Don’t you think that brands should take action to not let their branding and marketing investments be cannibalized by their competitors? Should they let their e-retailers do as they wish, without any control?
We both know they would never! Failing to have the same capacity to act on these different causes, a brand must monitor its e-retailers to detect anomalies and bring them to the negotiating table. If it does nothing to take control back, either by ignorance or lack of resources to manage these problems, it will continue to be mistreated in a universe that is kind of lawless Wild West for brands.

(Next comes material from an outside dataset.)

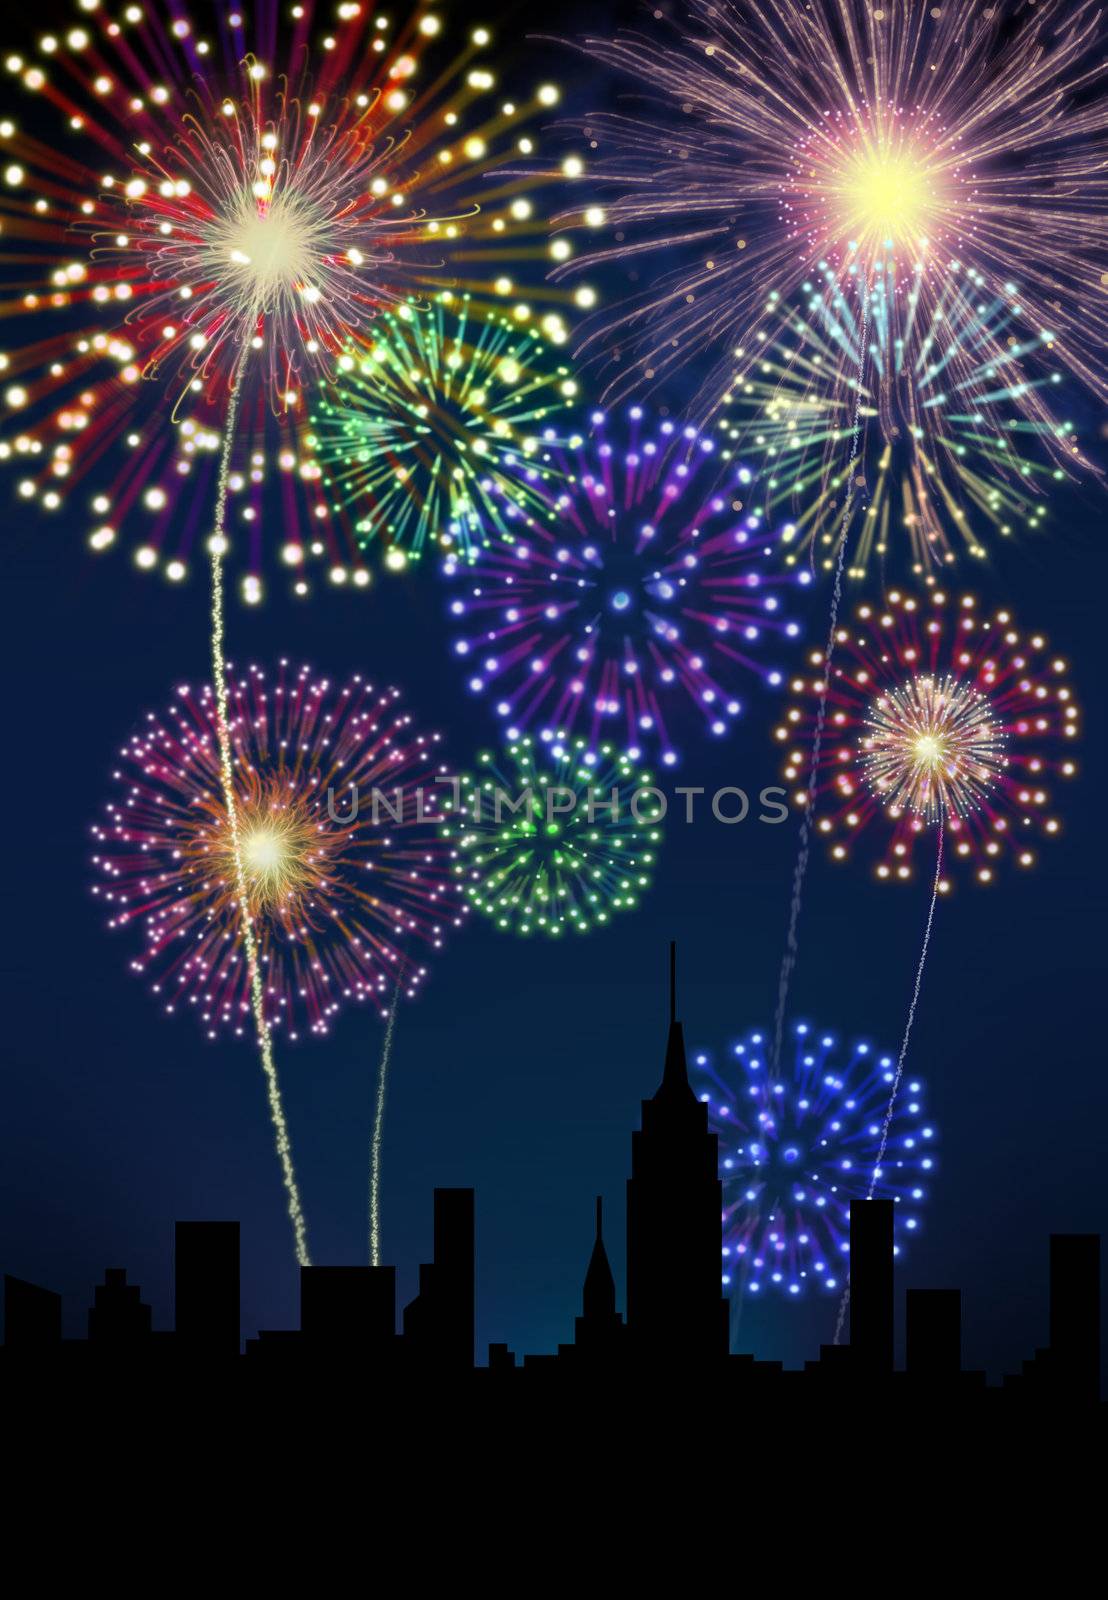 Fireworks happy New year siluette city night scene.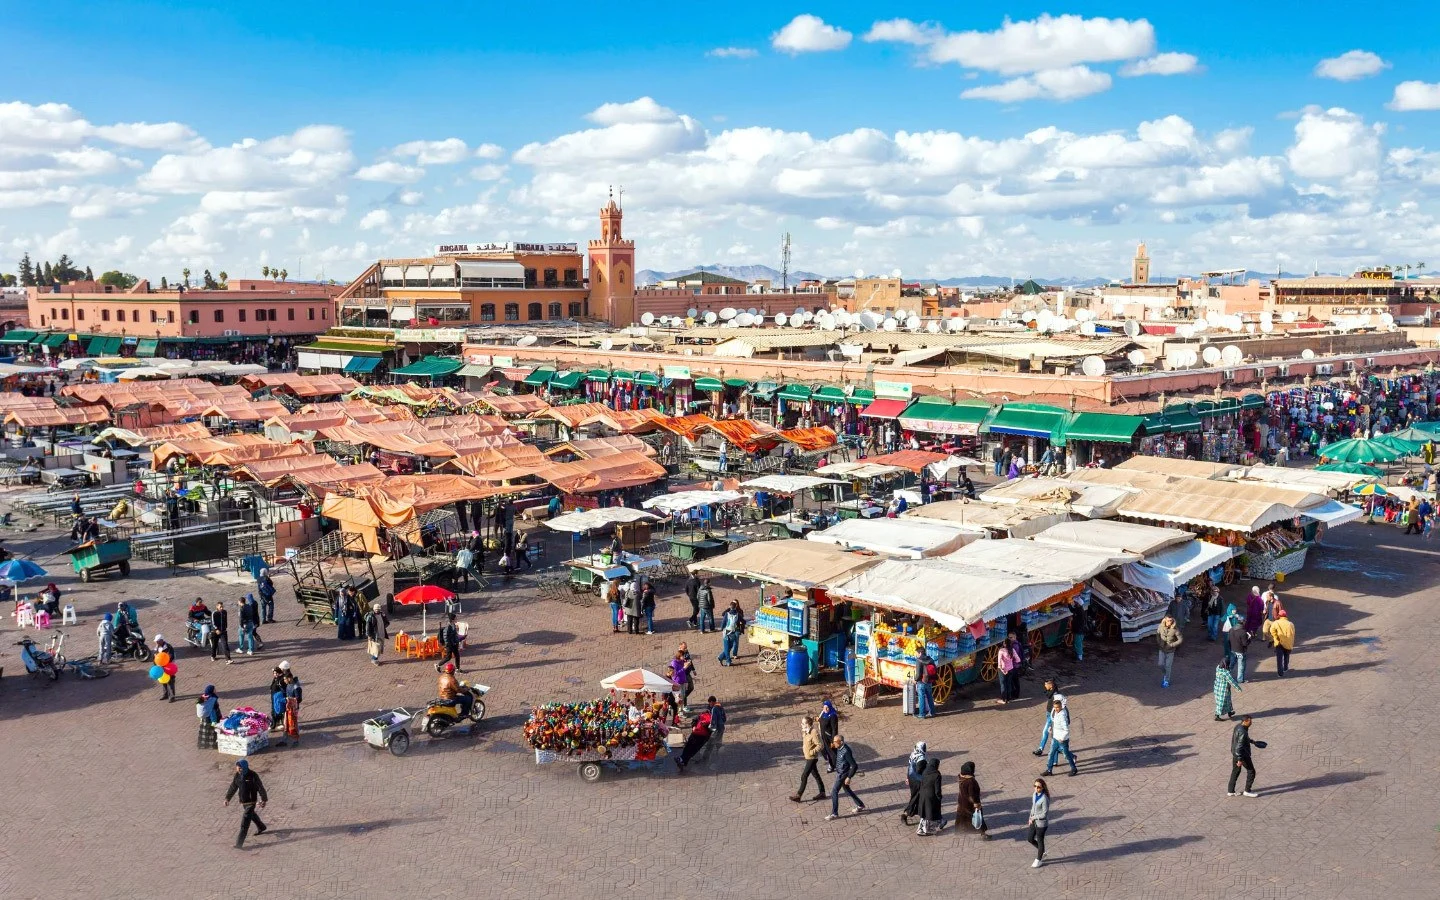 The Djemma El-Fna square in Marrakech medina

Brands have adopted various kinds of organizations: by BU, by region, by segment… Are these operating models, tailored by the relations with traditional retail, really relevant for e-retail? Wouldn’t it be better to consider a “digital native” organization? What processes follow to efficiently control the e-retail? What kind of agility use to support the rapidly evolving market and e-commerce technologies?
Finding the answer to these questions often requires insights from experts. And organizational change is more effective if is accompanied by training and coaching.
People are the key of sales performance. However, BU managers and Key Account Managers who deal with e-retailers are not necessarily digital experts. To increase sales team efficiency, you need to accurately assess their web & mobile fluency… and measure their level of mastery in digital practices.
From that assessment, you will implement actions to fill up the gaps: recruitment, training and coaching, making these key positions perform better and be more demanding with your e-retailers.
How to better negotiate with an e-retailer if you don’t know exactly its positioning towards its competitors and the level of partnership you can establish?
Depending on the maturity of this partnership, you will act using the appropriate levers that will enhance the involvement of your digital retailers. You will precisely monitor and control the execution of merchandising and sales policy for each e-retailer. These continuous improvement processes involve reporting and steering tools driven by measurable KPIs!
E-commerce is a fast moving world: what works today will not necessarily work tomorrow, what is good in a country can be bad in another one. You need to challenge your opinions to build strong Key Beliefs. And you will have to check that on a day-to-day basis: Key Beliefs will change as your digital business evolves.
Let’s take the example of conversational commerce, a new trend which pops up new questions: how to adapt merchandising in the conversation that a “chatbot” will have with a consumer? Good practices are emerging and must be tested, and, in case of success, they must be quickly shared between BUs or geographical areas, taking into account local culture and business specificities.
Increasing the level of professionalism for brands in the e-retail is a process involving the whole company. Choosing a tool and deploying it rapidly is rarely enough, if the teams are not coached to adopt this profound change.
To make such a strategic project successful, it is key to select priority markets, according to objective criteria based on opportunities and constraints in each country or region of the world.
Then the project will be fully deployed by waves of countries with the adaptation of the organization, sales teams skilling up, tools setup along with training & coaching. Not to mention the animation and emulation around the “Test & Learn” approach which needs to keep its first impulse, otherwise the risk of failure is real.
Proven methodology and tools with coaching by experts guarantee to avoid waste energy and resources without tangible results, which reinforces the sense of helplessness and breaks the strongest motivations.
Global brands such as Danone and Mars are already engaged in this process. The first successes are here, and these pioneers of e-retail professionalization already measure the significant ROI of their projects.
The ballroom is wide open and the party is in full swing: will you keep sitting?